## Given entries
-- Opening Marker --
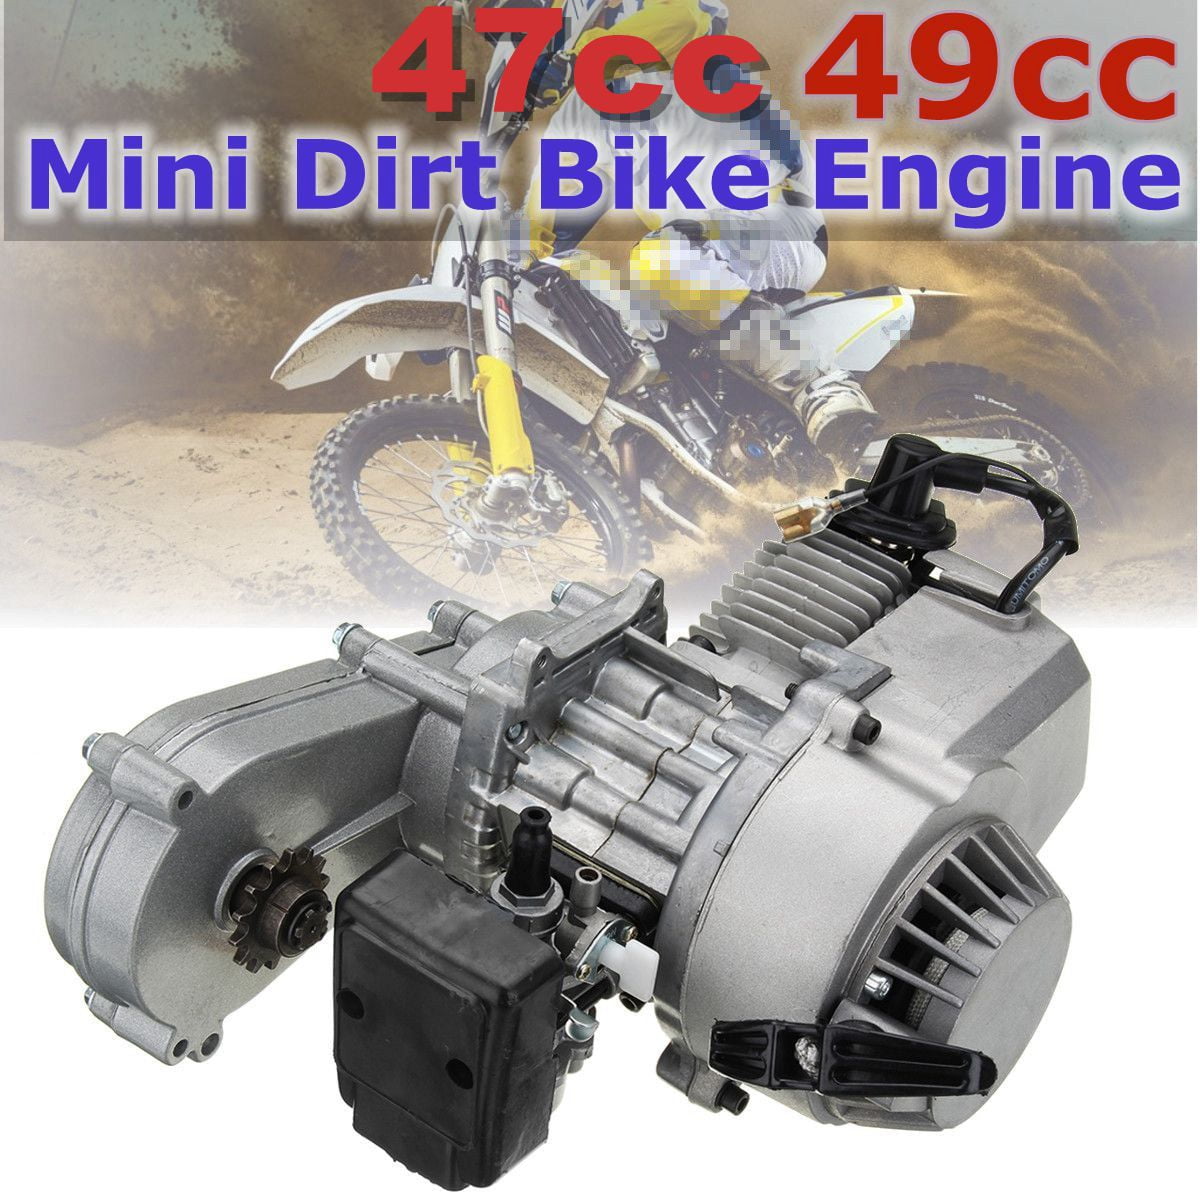 Metal Pull Start. New 2 Stroke 49cc Mini Dirt Bike Complete Engine Full Kit 
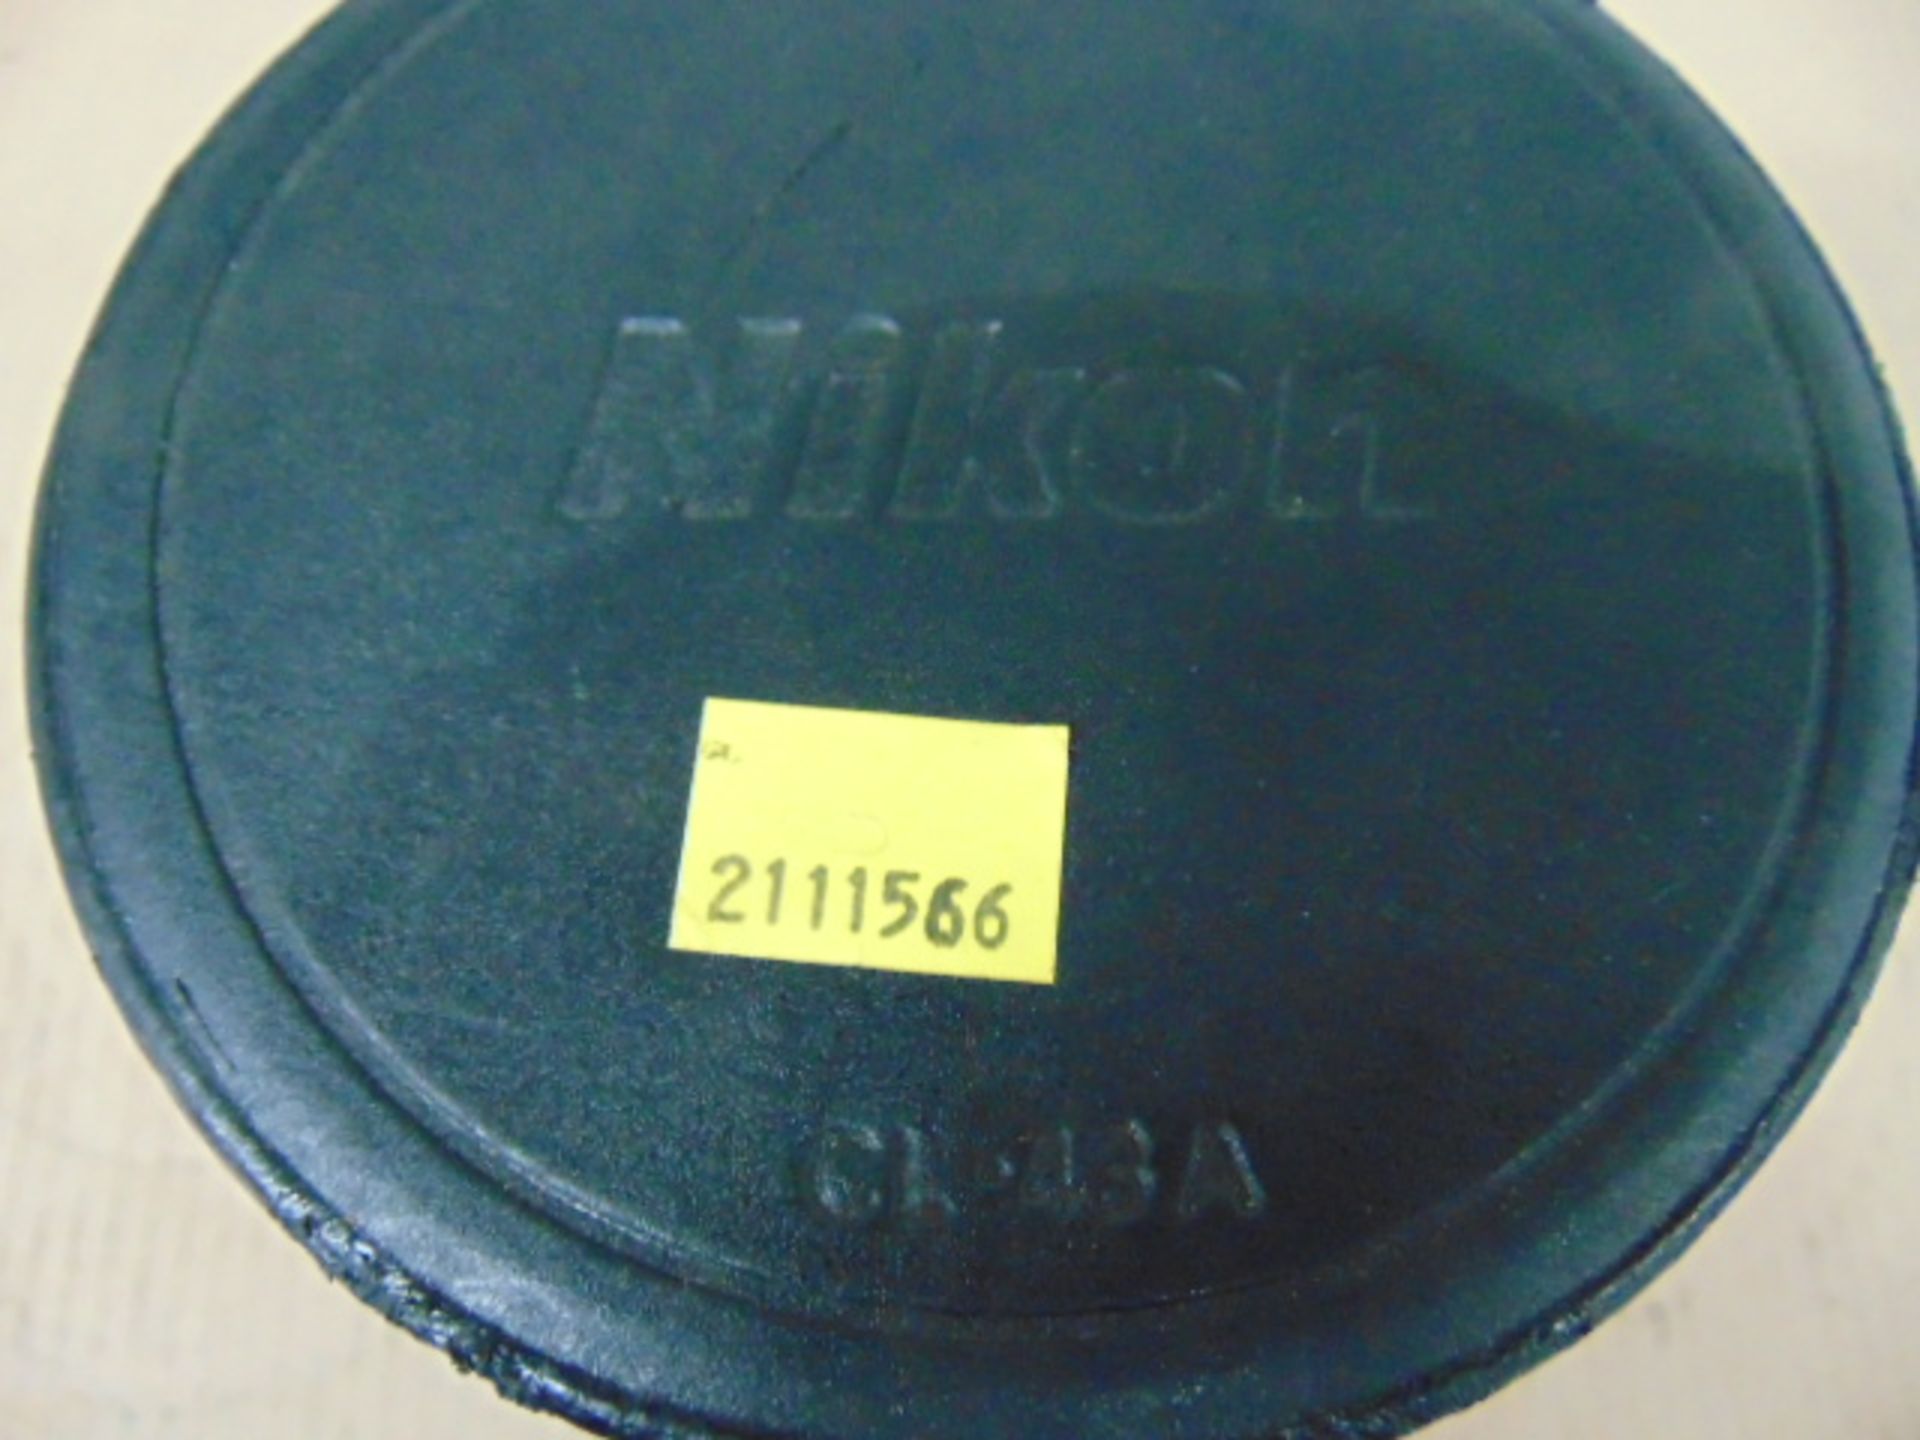 Nikon ED AF Nikkor 80-200mm 1:2.8 D Lense with Leather Carry Case - Image 9 of 11
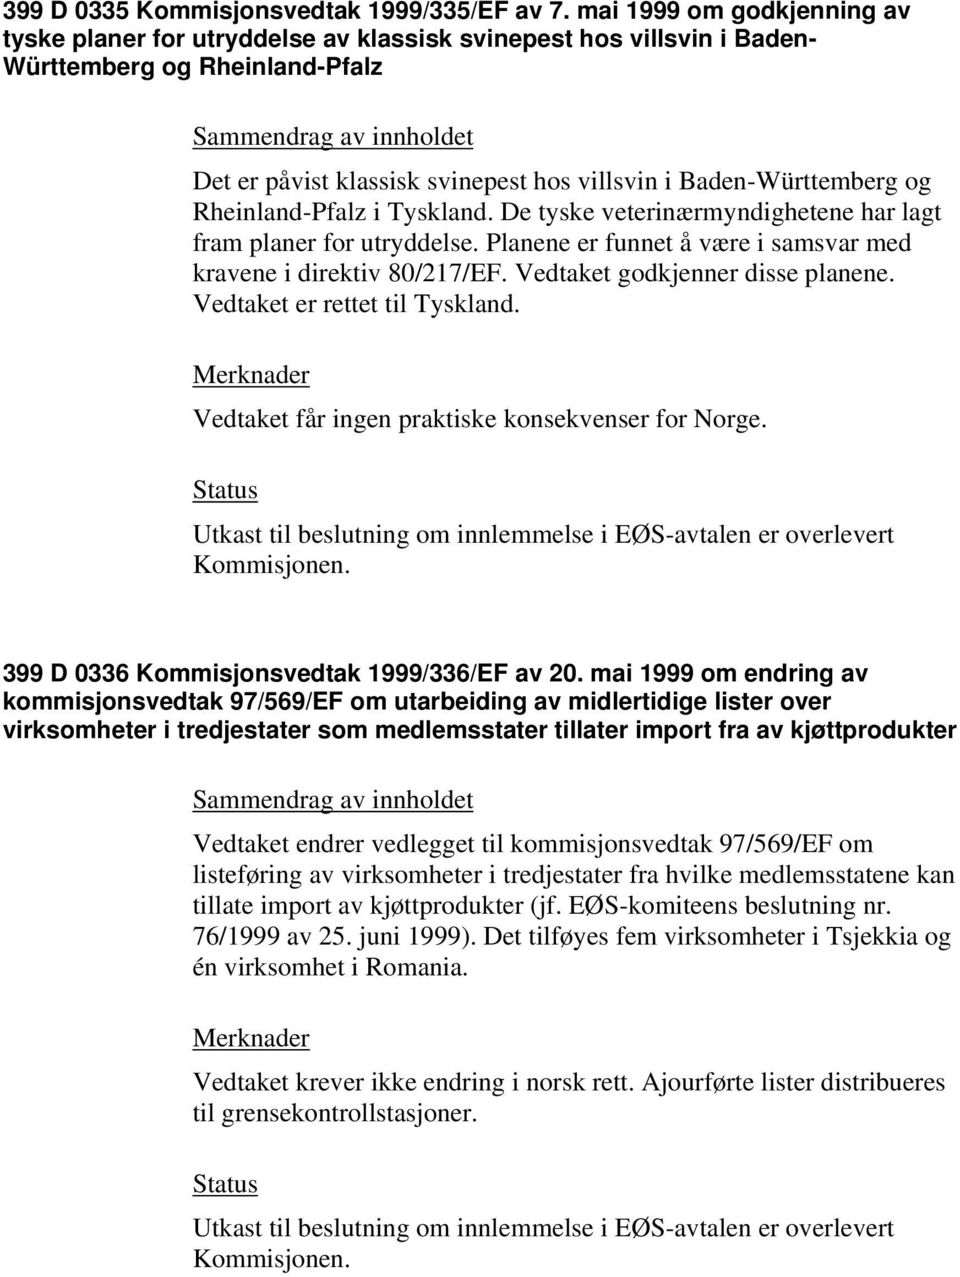 Rheinland-Pfalz i Tyskland. De tyske veterinærmyndighetene har lagt fram planer for utryddelse. Planene er funnet å være i samsvar med kravene i direktiv 80/217/EF. Vedtaket godkjenner disse planene.
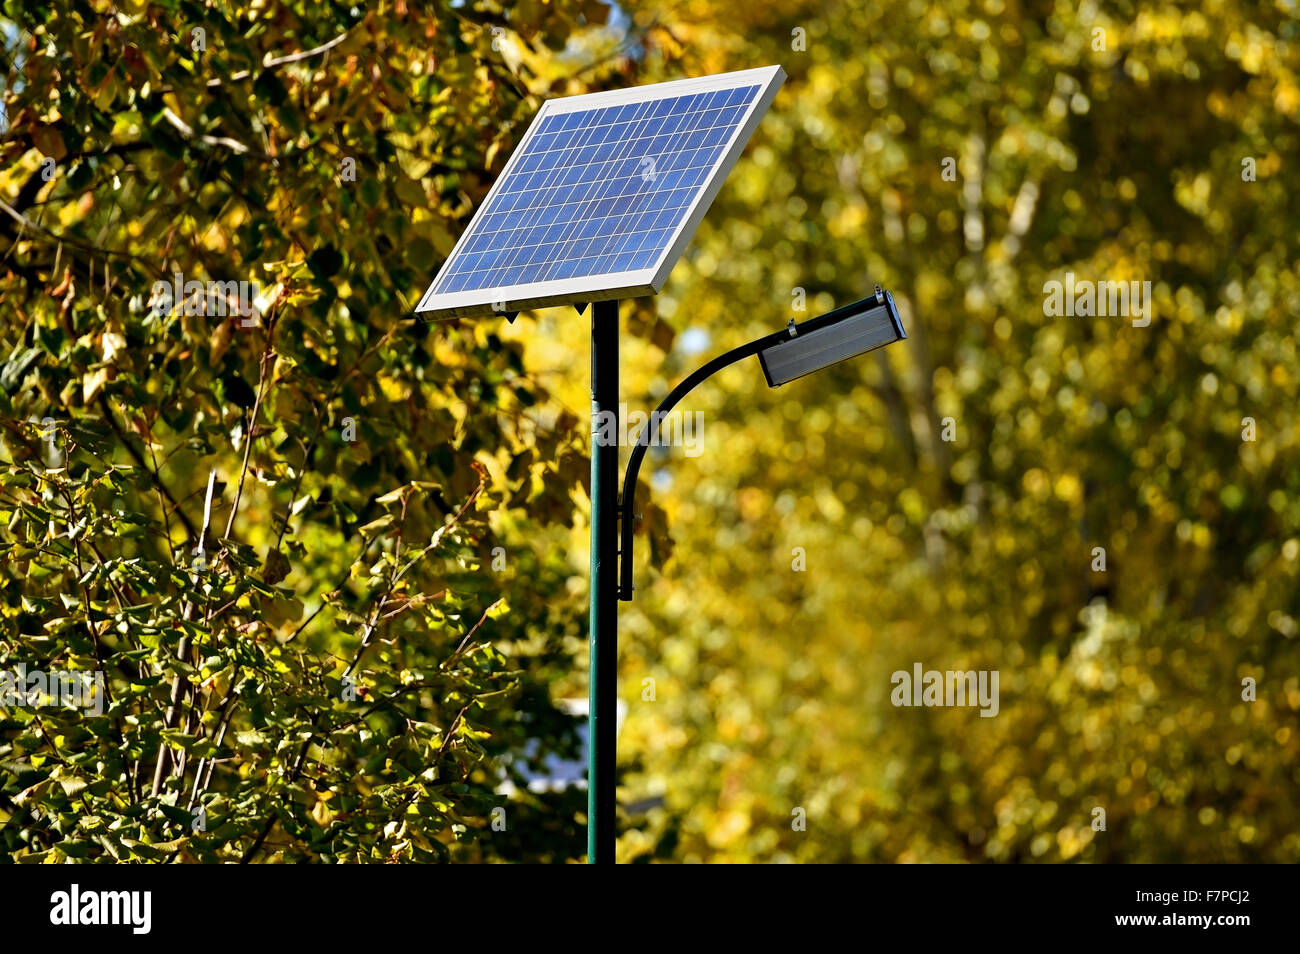 Détail d'un lampadaire solaire dans un parc en automne Banque D'Images
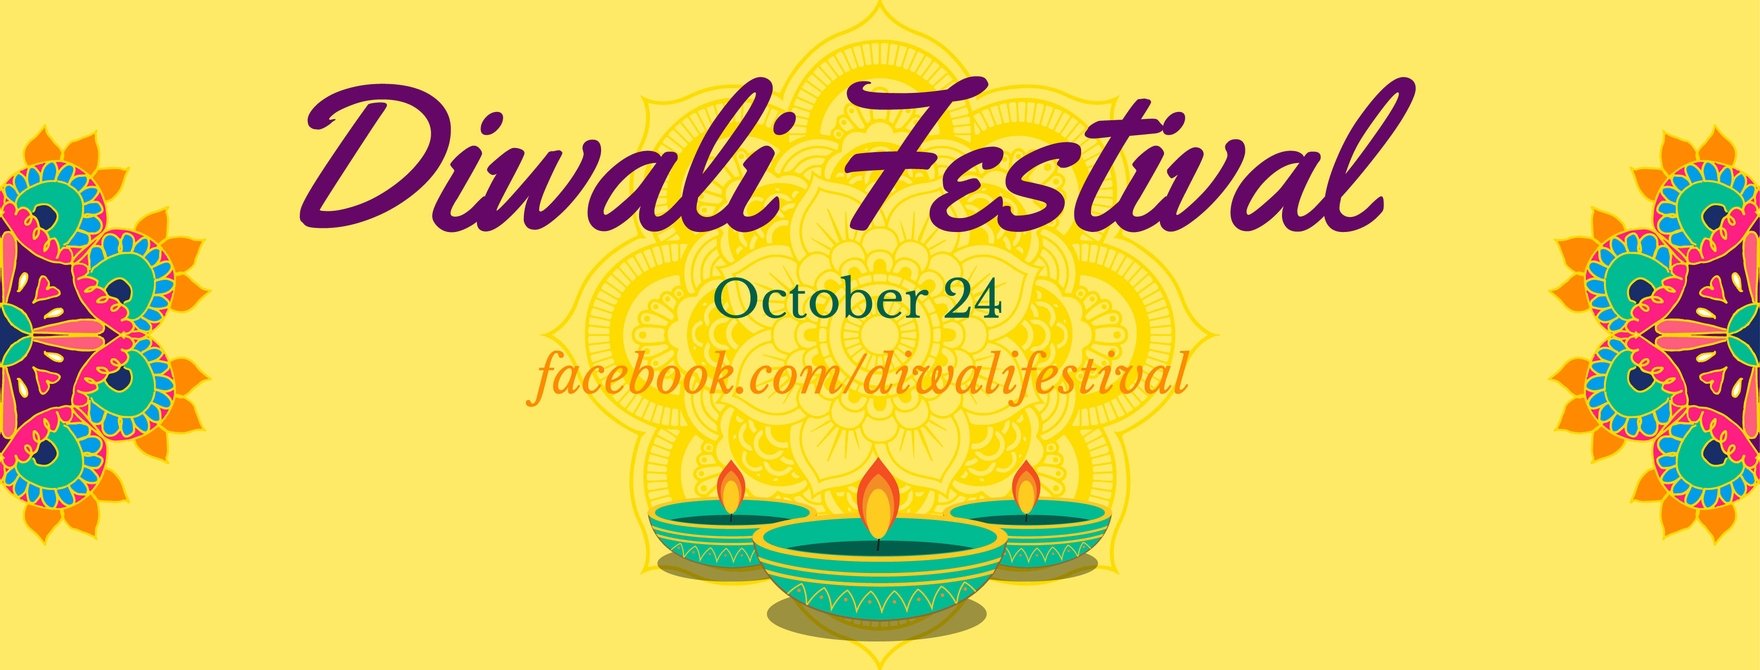 Diwali Facebook Cover Banner
-- Closing Marker --
## Task brief
Final task for the records above: print exactly the lines from the one that contains "Détail d'un lampadaire" through the last line, both ends included, pictures excluded.

## Solution
 Détail d'un lampadaire solaire dans un parc en automne Banque D'Images
 Diwali Facebook Cover Banner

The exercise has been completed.